### WHAT IS BEING ASKED
Starting at the line that contains "MCファーマネットの登録方法02", transcribe every remaining line of the data below exactly, and omit all pictures.

### STORED DATA
== Segment start ==

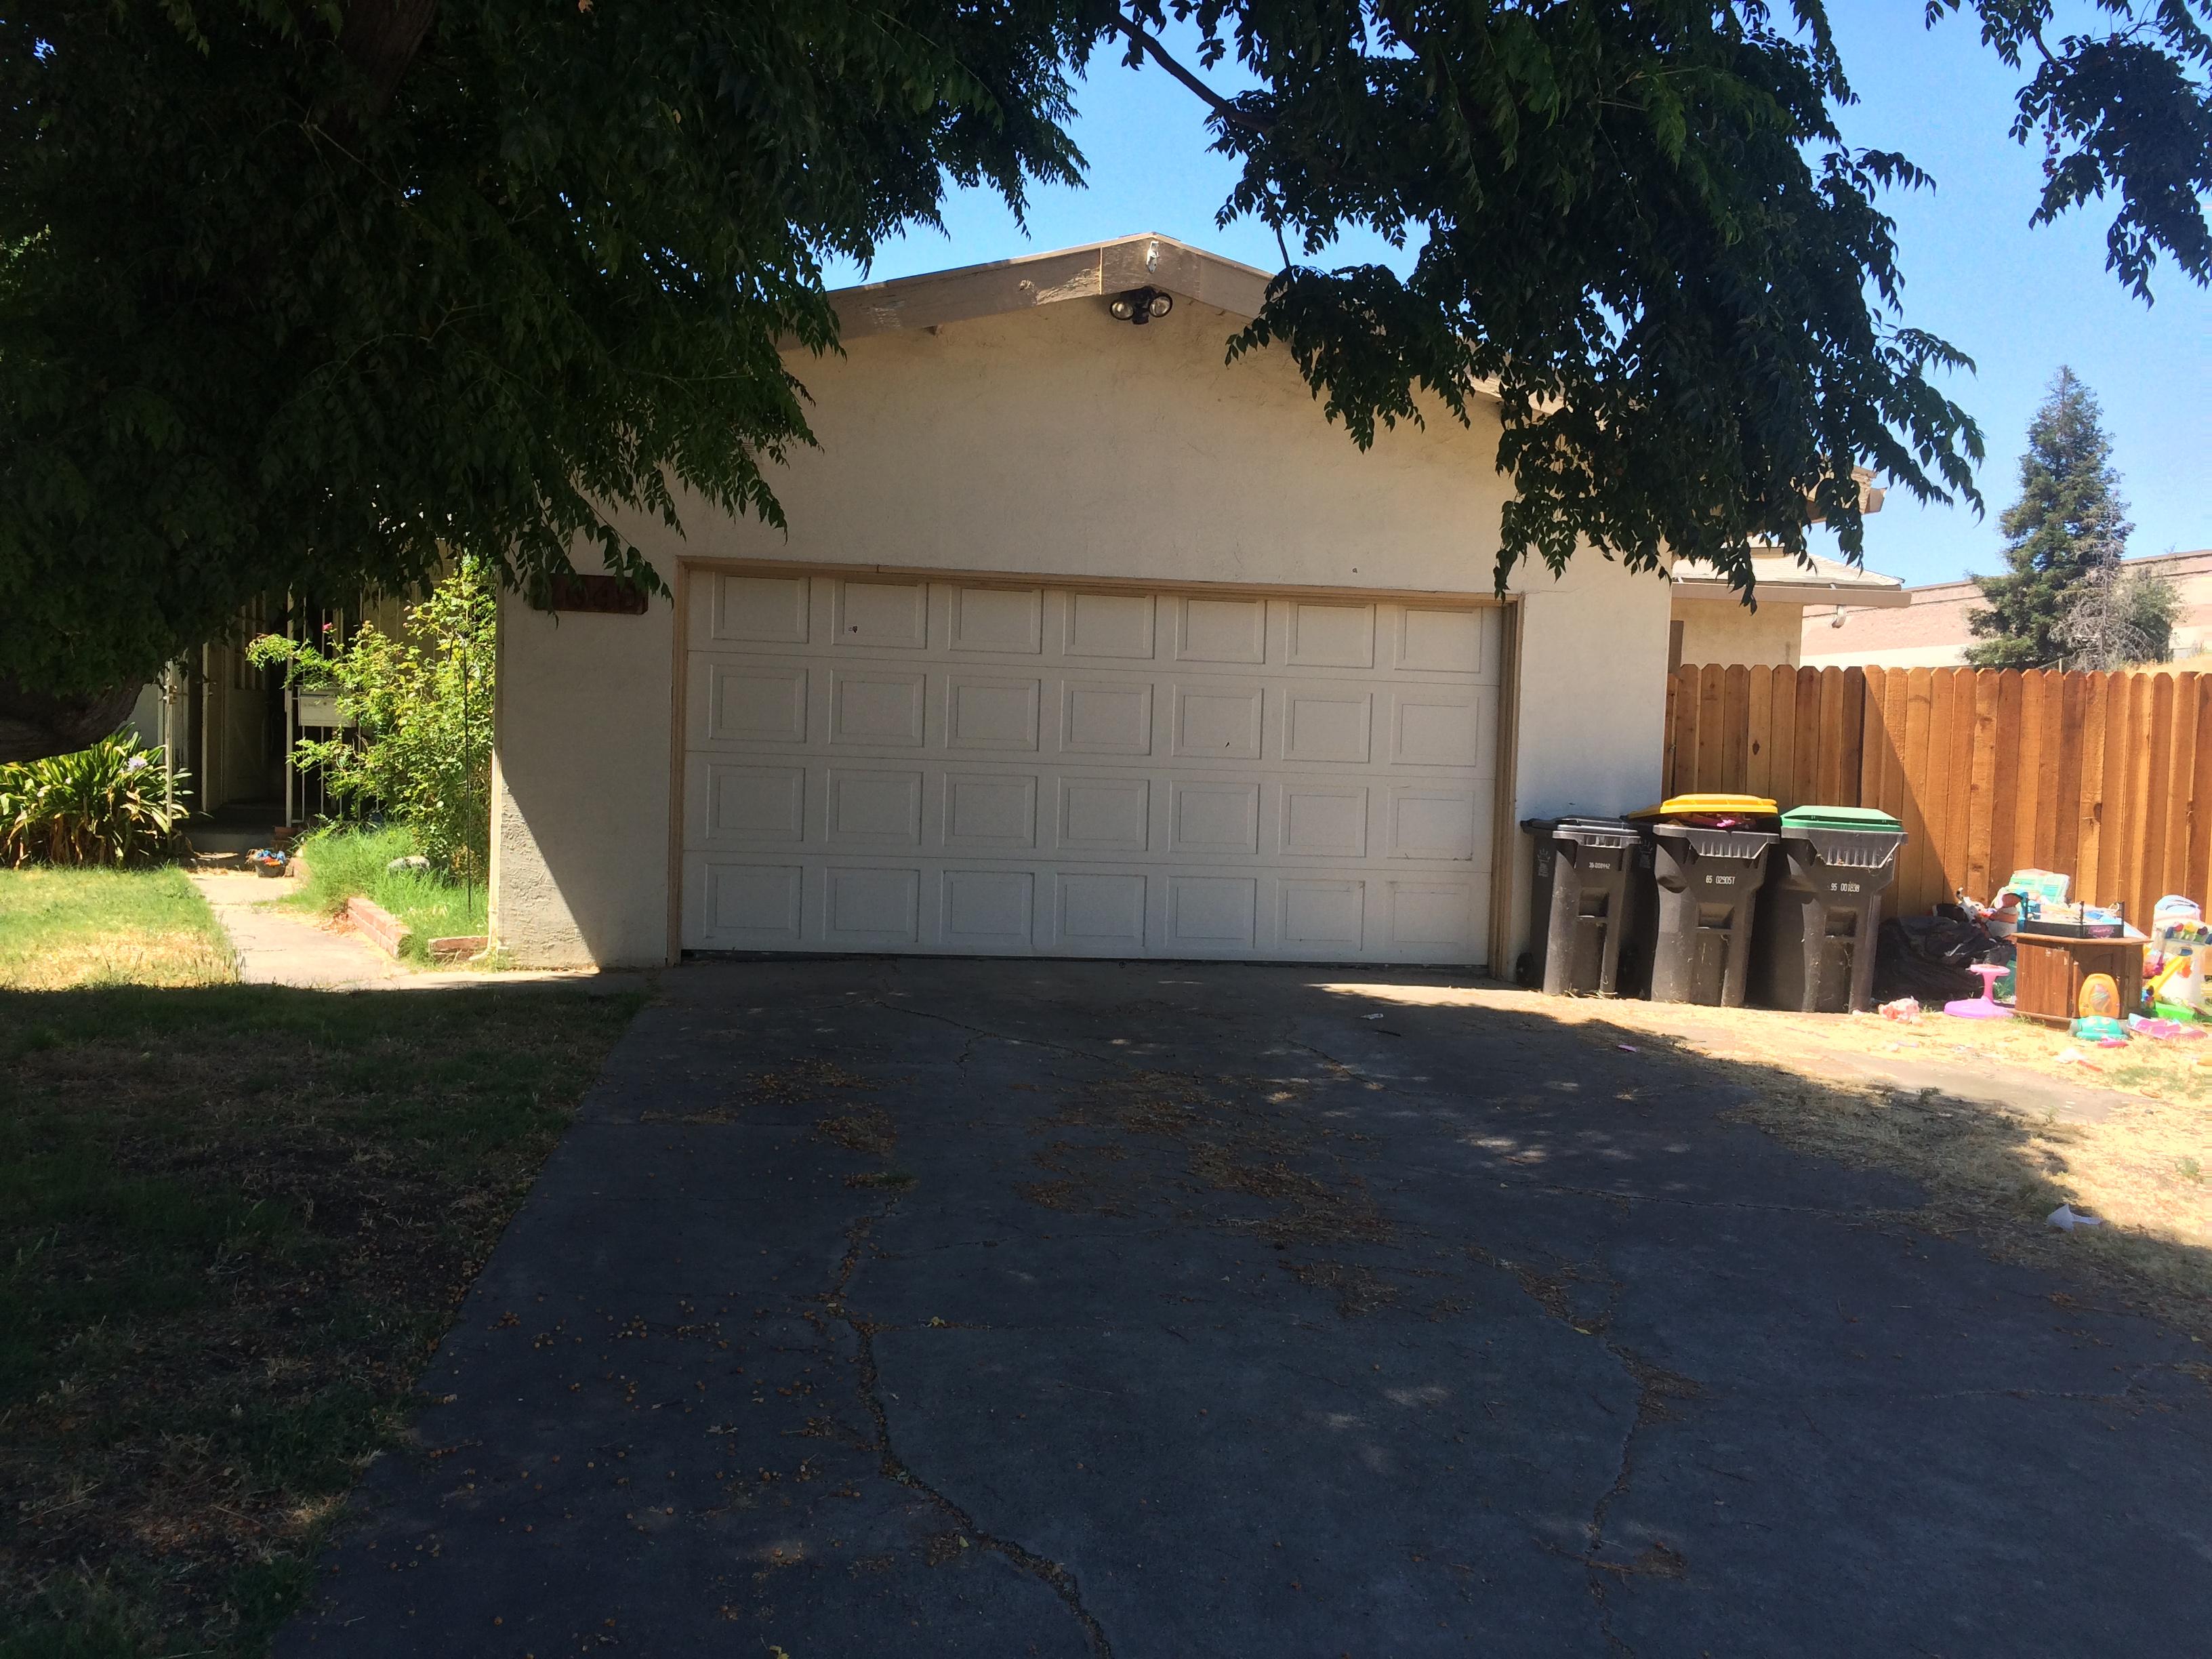 2649 W. Bristol Home for sale
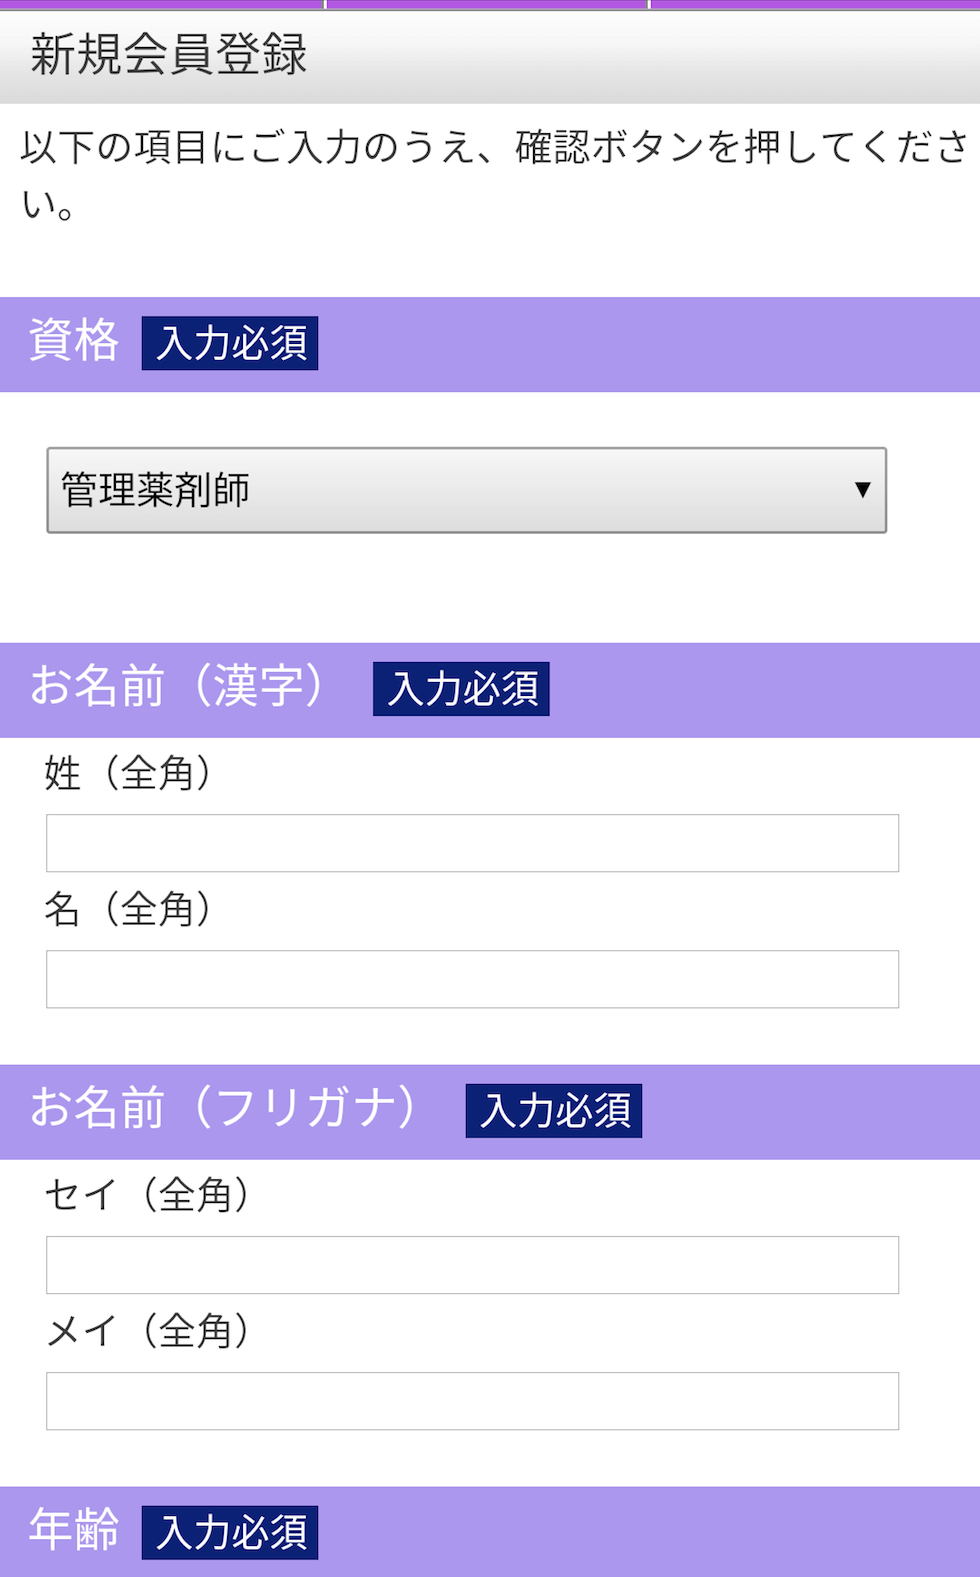 MCファーマネットの登録方法02
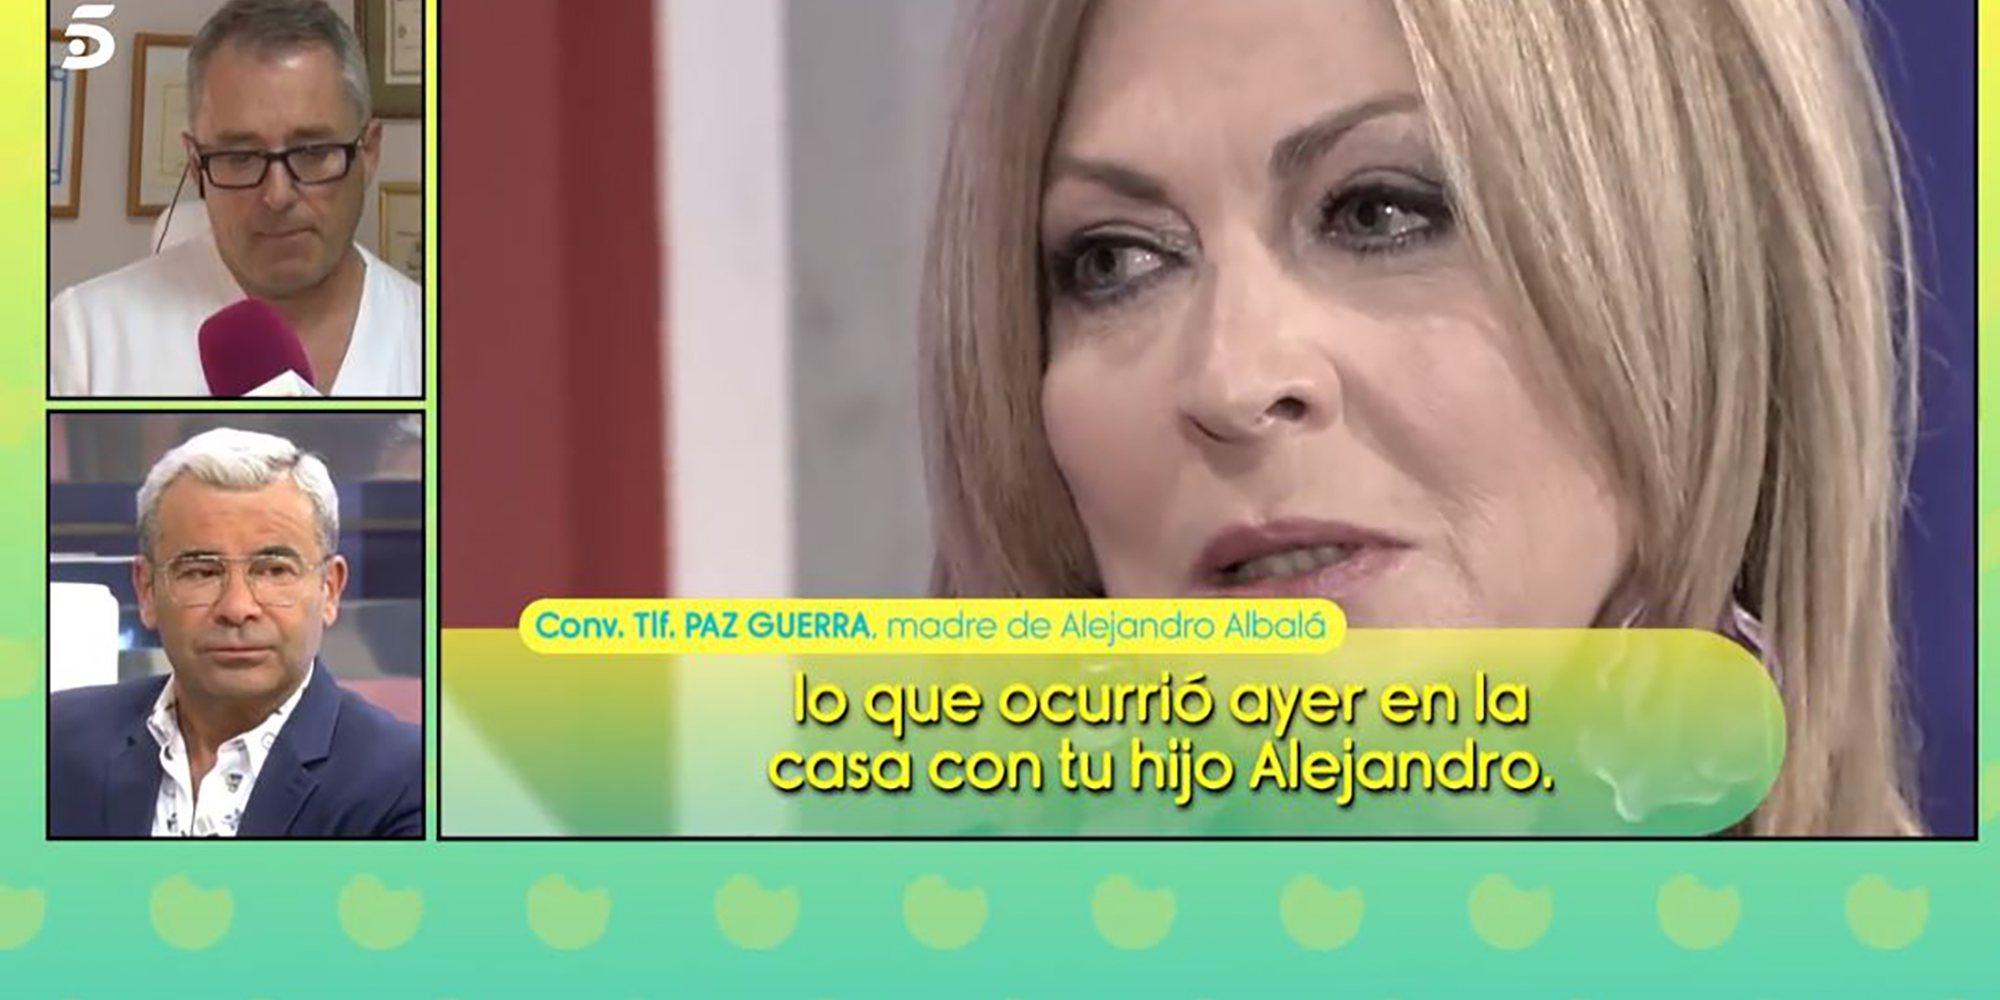 """La madre de Albalá critica duramente el comportamiento de Jorge Javier hacia su hijo: """"Me pareció patético"""""""

== Segment end ==

### EXERCISE RESPONSE
 MCファーマネットの登録方法02
 """La madre de Albalá critica duramente el comportamiento de Jorge Javier hacia su hijo: """"Me pareció patético"""""""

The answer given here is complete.